=== EXERCISE AIM ===
For each line in the data that includes "design", make a copy.
+===+
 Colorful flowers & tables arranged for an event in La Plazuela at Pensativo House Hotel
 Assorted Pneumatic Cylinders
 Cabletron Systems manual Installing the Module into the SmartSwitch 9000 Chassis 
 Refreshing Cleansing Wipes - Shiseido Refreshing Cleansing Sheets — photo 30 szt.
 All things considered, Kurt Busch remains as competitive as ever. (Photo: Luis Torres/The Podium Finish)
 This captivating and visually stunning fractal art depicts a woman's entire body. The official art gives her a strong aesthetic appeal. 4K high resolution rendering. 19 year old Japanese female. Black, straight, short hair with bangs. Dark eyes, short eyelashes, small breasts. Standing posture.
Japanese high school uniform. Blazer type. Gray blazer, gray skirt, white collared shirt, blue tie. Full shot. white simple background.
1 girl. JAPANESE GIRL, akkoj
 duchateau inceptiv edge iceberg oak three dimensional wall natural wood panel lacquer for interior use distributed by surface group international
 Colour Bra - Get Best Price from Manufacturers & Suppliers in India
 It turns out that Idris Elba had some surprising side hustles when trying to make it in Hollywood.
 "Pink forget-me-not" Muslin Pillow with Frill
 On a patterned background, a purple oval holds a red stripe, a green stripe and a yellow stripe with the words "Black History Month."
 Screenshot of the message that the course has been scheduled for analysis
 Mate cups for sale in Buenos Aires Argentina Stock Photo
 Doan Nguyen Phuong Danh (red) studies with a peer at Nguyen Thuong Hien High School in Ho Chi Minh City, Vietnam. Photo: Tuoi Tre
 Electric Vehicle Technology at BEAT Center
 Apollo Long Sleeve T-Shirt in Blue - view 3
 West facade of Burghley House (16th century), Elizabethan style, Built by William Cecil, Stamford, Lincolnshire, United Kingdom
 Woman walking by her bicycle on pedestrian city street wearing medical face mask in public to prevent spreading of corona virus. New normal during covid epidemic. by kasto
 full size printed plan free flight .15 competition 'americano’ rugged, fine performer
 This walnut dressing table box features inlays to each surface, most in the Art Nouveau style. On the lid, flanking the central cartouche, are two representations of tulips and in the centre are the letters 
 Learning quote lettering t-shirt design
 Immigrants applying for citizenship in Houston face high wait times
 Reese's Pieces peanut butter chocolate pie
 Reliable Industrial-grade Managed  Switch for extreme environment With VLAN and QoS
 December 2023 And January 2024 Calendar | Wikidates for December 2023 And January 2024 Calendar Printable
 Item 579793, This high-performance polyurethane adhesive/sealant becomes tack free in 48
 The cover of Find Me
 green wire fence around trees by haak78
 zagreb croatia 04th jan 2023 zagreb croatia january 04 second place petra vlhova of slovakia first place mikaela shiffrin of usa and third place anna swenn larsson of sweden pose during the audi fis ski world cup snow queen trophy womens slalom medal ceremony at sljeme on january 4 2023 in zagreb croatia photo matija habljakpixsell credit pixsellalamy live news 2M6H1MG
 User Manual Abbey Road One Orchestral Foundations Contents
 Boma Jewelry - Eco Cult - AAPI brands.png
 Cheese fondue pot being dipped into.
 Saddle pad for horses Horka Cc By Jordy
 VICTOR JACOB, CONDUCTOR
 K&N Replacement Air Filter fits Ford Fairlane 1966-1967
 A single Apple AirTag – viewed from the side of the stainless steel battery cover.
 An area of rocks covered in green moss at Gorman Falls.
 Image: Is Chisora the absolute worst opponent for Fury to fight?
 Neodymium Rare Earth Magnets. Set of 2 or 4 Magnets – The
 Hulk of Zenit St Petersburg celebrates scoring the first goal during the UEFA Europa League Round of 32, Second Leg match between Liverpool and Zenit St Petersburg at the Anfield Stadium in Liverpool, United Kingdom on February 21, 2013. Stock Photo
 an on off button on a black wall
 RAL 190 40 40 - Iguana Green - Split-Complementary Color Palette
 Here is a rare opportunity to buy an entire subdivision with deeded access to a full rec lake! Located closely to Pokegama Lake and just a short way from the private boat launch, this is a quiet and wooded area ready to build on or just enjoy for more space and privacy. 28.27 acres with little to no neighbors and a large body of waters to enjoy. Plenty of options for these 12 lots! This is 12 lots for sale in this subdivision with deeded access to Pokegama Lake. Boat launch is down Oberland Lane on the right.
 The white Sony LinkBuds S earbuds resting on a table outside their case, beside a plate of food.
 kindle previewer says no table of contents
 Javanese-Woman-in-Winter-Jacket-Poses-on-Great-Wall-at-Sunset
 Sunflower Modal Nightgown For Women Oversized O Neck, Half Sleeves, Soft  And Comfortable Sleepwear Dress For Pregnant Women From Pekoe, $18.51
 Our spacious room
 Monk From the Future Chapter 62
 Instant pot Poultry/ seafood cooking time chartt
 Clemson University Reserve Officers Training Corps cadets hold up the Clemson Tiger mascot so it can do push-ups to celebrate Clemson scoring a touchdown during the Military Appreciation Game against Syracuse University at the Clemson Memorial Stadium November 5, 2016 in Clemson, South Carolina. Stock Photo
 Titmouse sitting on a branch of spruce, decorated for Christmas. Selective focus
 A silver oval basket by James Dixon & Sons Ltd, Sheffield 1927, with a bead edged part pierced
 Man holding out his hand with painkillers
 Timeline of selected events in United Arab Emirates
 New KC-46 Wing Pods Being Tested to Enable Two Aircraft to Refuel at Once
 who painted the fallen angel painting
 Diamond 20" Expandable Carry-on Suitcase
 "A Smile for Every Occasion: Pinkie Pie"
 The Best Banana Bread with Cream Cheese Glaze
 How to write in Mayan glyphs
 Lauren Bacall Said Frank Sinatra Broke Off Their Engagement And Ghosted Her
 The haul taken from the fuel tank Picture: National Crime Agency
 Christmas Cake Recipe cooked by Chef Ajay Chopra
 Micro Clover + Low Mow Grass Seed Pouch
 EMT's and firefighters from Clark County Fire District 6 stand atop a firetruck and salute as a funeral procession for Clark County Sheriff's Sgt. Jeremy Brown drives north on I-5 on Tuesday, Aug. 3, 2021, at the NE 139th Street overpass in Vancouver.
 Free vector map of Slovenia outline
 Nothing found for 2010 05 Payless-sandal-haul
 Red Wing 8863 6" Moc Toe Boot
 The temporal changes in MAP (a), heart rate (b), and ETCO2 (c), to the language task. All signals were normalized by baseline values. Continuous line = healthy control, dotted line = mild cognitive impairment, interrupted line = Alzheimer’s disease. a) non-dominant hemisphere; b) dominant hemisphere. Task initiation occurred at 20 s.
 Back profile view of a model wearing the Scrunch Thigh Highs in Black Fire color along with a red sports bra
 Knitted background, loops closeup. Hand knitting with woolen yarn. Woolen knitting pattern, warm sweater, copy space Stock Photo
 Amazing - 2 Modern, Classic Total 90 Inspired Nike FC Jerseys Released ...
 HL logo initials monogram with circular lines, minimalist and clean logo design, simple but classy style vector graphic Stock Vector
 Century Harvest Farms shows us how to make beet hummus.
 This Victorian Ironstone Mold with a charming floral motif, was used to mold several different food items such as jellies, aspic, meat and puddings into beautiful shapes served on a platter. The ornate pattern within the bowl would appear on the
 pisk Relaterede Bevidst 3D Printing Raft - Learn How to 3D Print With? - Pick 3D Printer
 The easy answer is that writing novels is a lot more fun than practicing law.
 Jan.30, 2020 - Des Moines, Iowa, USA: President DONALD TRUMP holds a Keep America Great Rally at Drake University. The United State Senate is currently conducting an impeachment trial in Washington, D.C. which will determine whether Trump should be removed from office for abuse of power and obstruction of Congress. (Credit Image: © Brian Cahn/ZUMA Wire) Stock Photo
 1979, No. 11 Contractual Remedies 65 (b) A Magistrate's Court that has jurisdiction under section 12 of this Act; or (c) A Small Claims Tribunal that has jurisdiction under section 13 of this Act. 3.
+===+
=== RESULT ===
 Learning quote lettering t-shirt design
 HL logo initials monogram with circular lines, minimalist and clean logo design, simple but classy style vector graphic Stock Vector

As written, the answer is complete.